About this exercise
Transcribe all of the data verbatim, please, and leave out its pictures.

Information provided
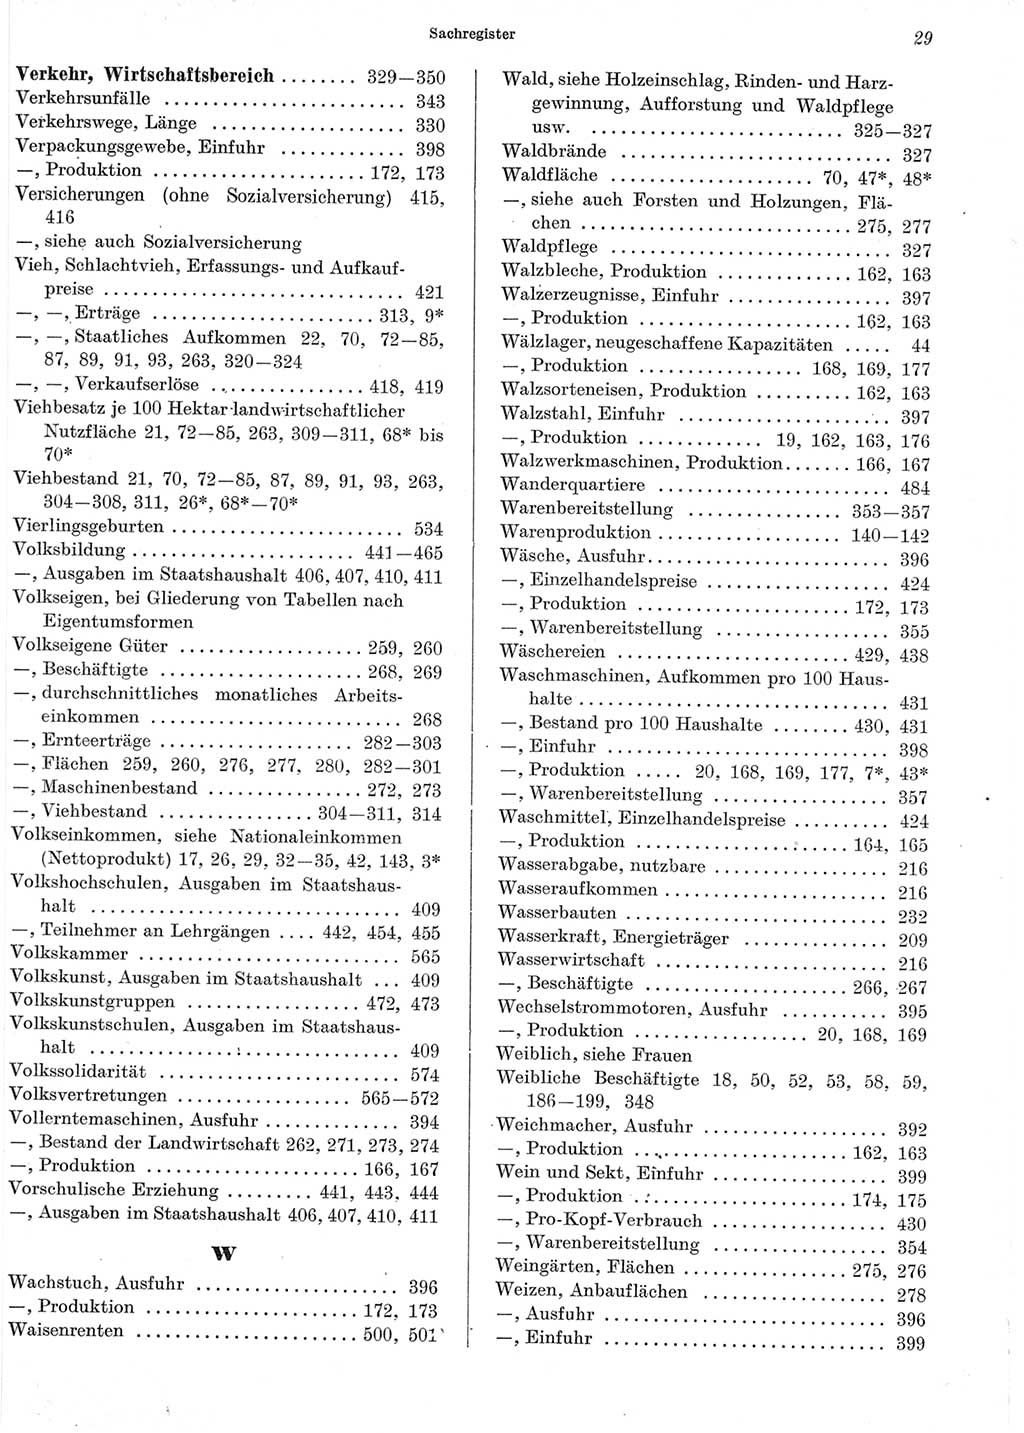 Statistisches Jahrbuch der Deutschen Demokratischen Republik (DDR) 1965, Seite 29 (Stat. Jb. DDR 1965, S. 29)
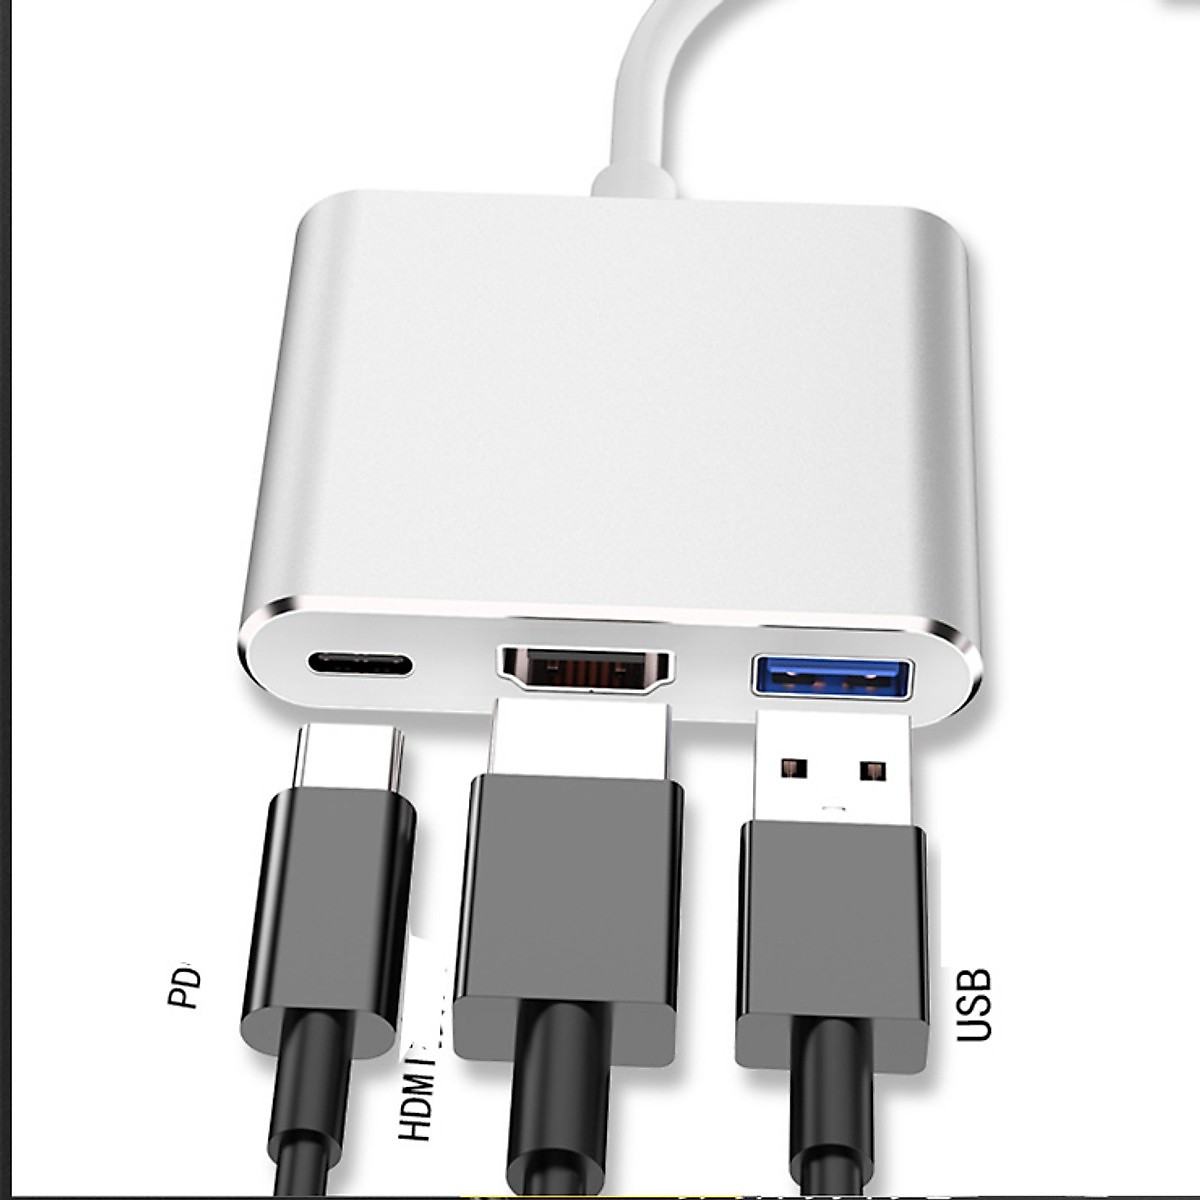 Hub chuyển đổi USB Type C 3in1 sang HDMI, USB 3.0, cổng sạc nhanh PD Type-C dành cho Laptop, Macbook, Điện thoại, Samsung Dex
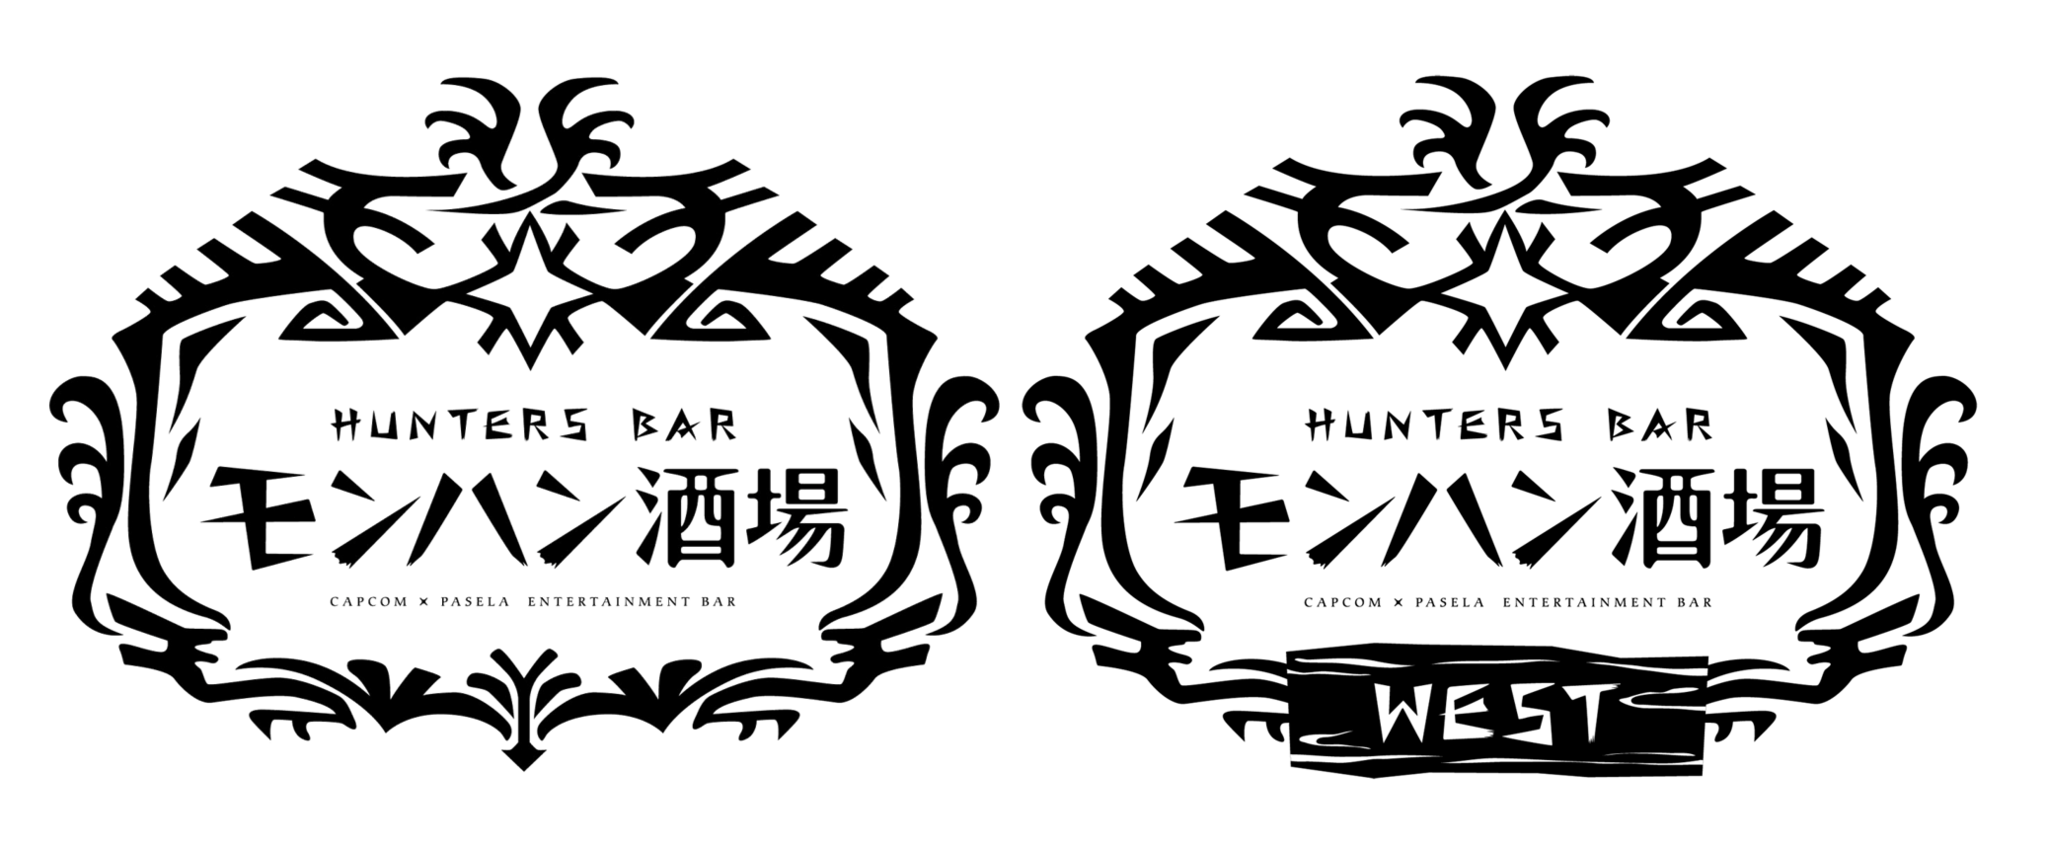 モンハン酒場 モンハン酒場 West において モンスターハンターワールド アイスボーン コラボ決定 株式会社カプコンのプレスリリース

Task solution
 Statistisches Jahrbuch der Deutschen Demokratischen Republik (DDR) 1965, Seite 29 (Stat. Jb. DDR 1965, S. 29)
 Hub chuyển đổi USB Type C 3in1 sang HDMI, USB 3.0, cổng sạc nhanh PD Type-C dành cho Laptop, Macbook, Điện thoại, Samsung Dex
 モンハン酒場 モンハン酒場 West において モンスターハンターワールド アイスボーン コラボ決定 株式会社カプコンのプレスリリース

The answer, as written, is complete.